Multipartite, K_{2,2,2}. N = 6, r = 3, n_i = 2: τ = 6^{3-2}·Π (6-2)^{2-1} = 6·4·4·4 = 6·64 = 384.


10d. On the Role of the Smallest-Leaf Tie-Break

A subtle but essential point: the bijection depends on choosing the smallest leaf, not merely a leaf. Suppose we relaxed Def. 1.3 to "remove any leaf." Then encoding becomes a relation, not a function — one tree could map to many sequences depending on the peel order. The counting argument collapses because the map is no longer injective in a controlled way.

Tree:  1—2—3   (n=3)
  smallest-leaf rule: peel 1 -> record 2 -> code [2].  Unique.
  "any leaf" rule:    peel 1 -> [2]   OR   peel 3 -> [2]   (both record 2 here)
                      but on larger trees the orders diverge into different codes.

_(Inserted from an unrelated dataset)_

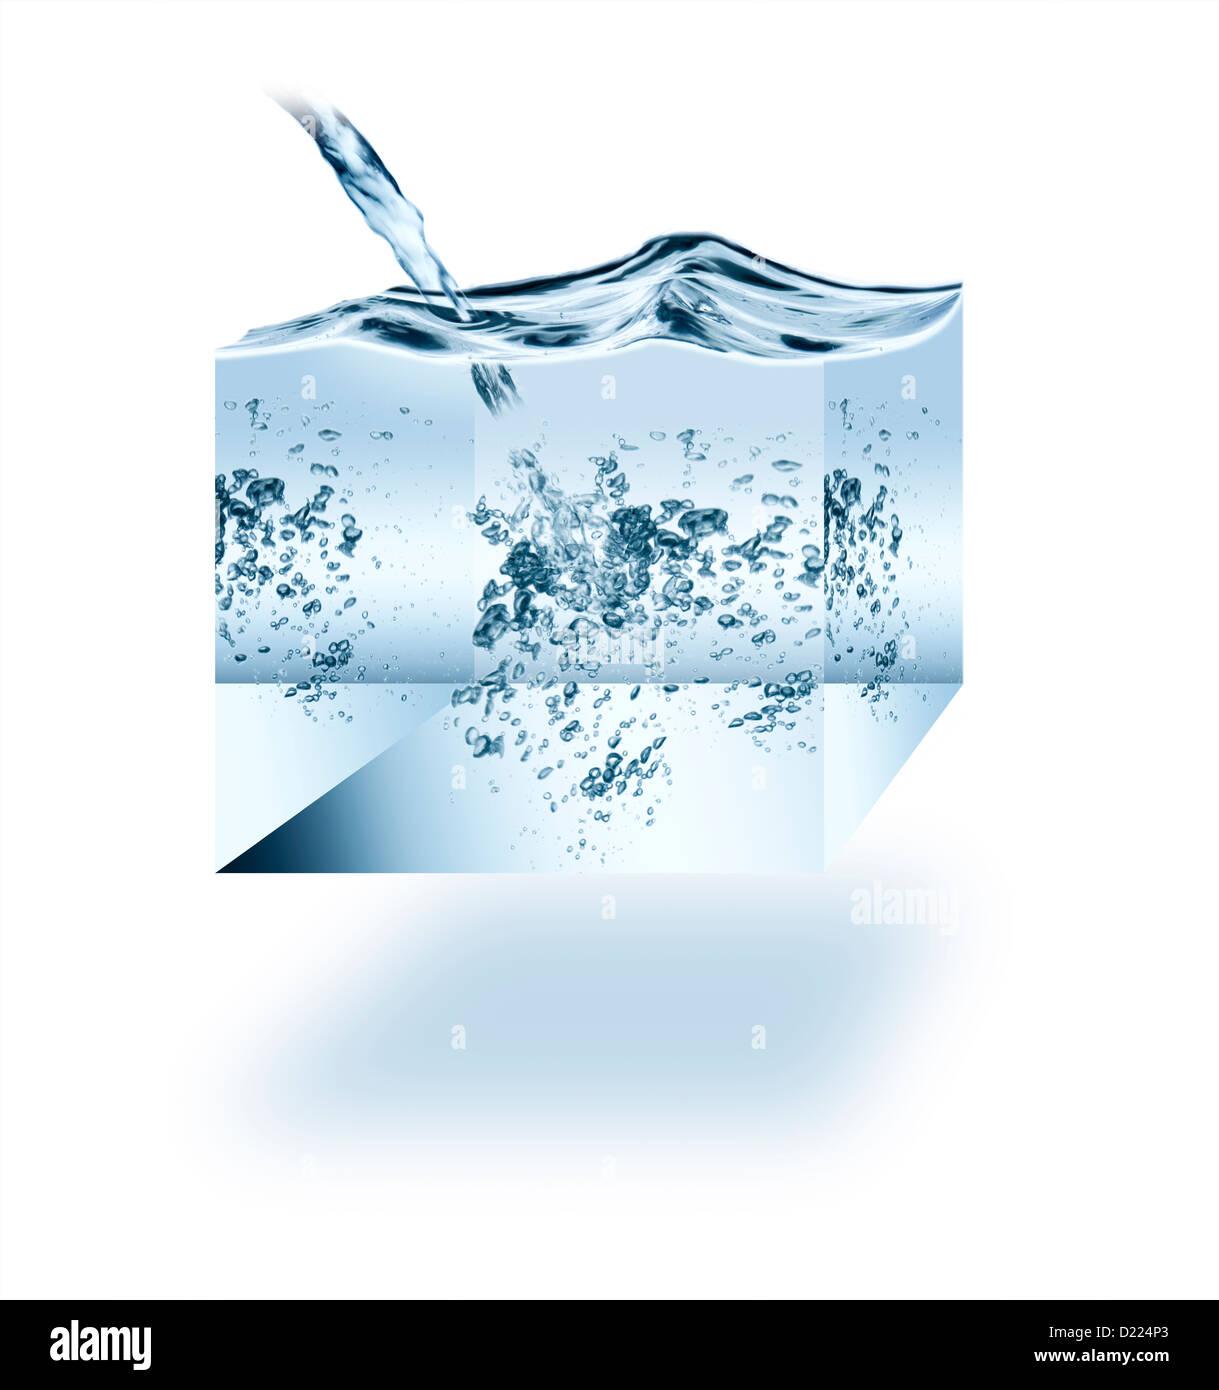 Cubo de agua sobre un fondo blanco. Imagen De Stock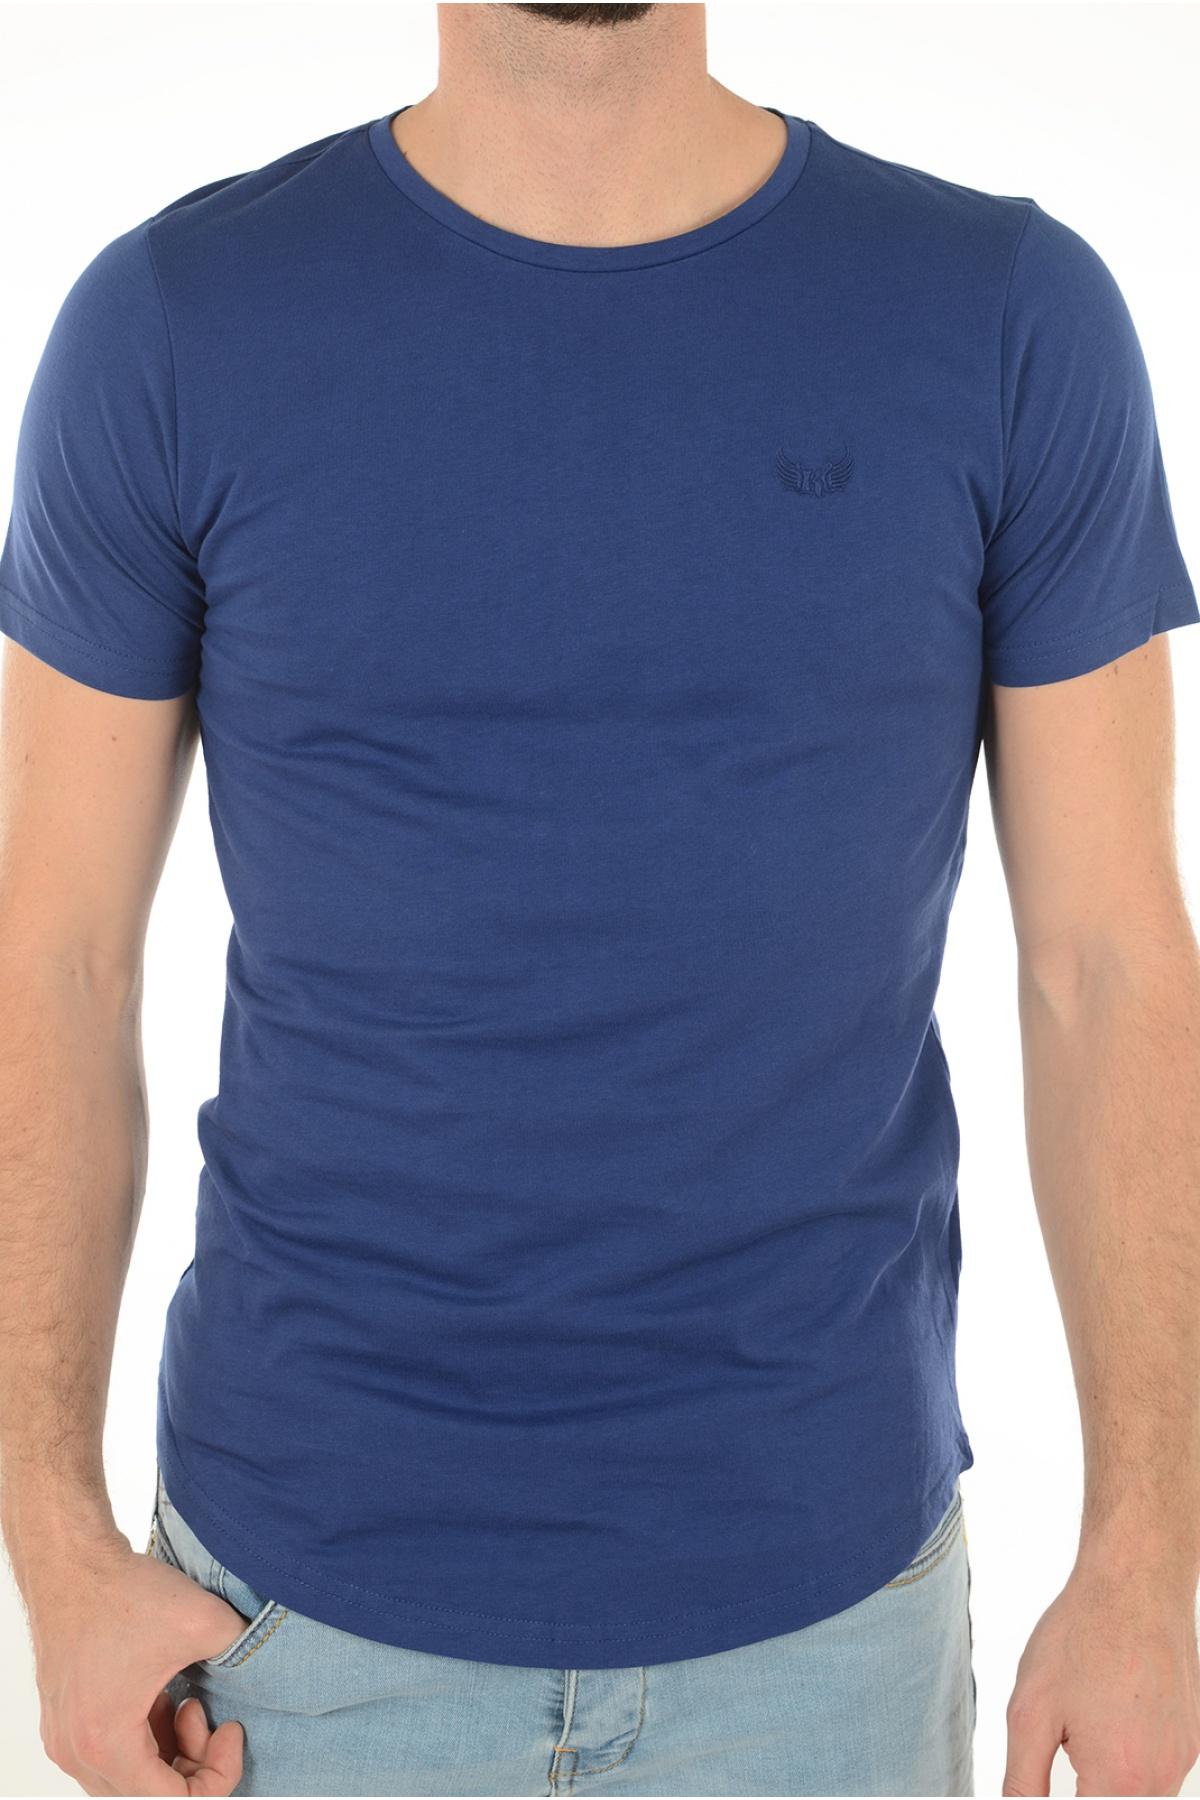 Tee-shirts Kaporal Homme Xxl

The smallest-leaf rule is what canonicalizes the encoding. Any fixed total order on vertices would also yield a bijection (the proofs in §4–§7 only use that "smallest" is a deterministic selection consistent between encode and decode); the convention min is universal because it is simplest and matches the priority-queue/pointer implementations.

Why decode must use the same tie-break. In Theorem 5.1's induction we relied on D's min L equaling P's smallest leaf at every step. If D used a different selection rule than P, the per-step leaf identities would diverge and D(P(T)) = T would fail even though both maps remain individually well-defined. Encode and decode are a matched pair.


10e. Complexity of the Proof-Backed Algorithms

The proofs also certify the algorithms' running times:

Routine Loop count Per-iteration cost Total
Encode (heap) n − 2 O(log n) pop/push + O(1) neighbor (XOR) O(n log n)
Encode (pointer) n − 2 amortized O(1) (monotone ptr) O(n)
Decode (heap) n − 2 O(log n) O(n log n)
Decode (pointer) n − 2 amortized O(1) O(n)
Count (Cayley) O(log n) big-int powers O(M(n) log n)
Count (degrees) n factorial cancel O(n) big-int ops

The amortized O(1) for the pointer versions is justified exactly as in middle.md: the scanning pointer is non-decreasing and bounded by n, and each "early" leaf (created below the pointer) is charged to the single code entry that created it — at most one charge per entry, n − 2 entries, hence O(n) total scanning work.


11. Summary

The Prüfer encoding P and decoding D are mutually inverse, well-defined functions between labeled trees 𝒯_n and sequences 𝒮_n = [n]^{n-2}. The proof rests on a single invariant — a vertex appears in the code exactly deg − 1 times (Thm 4.1) — which simultaneously (i) lets the decoder recover the true degree sequence before placing any edge, driving the inverse proofs (Thm 5.1, 6.1), and (ii) converts every tree-counting question into a sequence-counting question. The bijection (Thm 7.1) yields Cayley's formula n^{n-2} (Thm 8.1), the degree-multinomial count (n-2)!/Π(d_i-1)! (Thm 9.1), the rooted-forest count k·n^{n-k-1} (Thm 10.1), and the complete (multi)partite spanning-tree counts (Thms 10.2–10.3). Where Prüfer constructs and counts trees of complete and complete-multipartite graphs, the determinant-based 24-kirchhoff-theorem counts spanning trees of arbitrary graphs — the two are complementary proofs of the same K_n fact.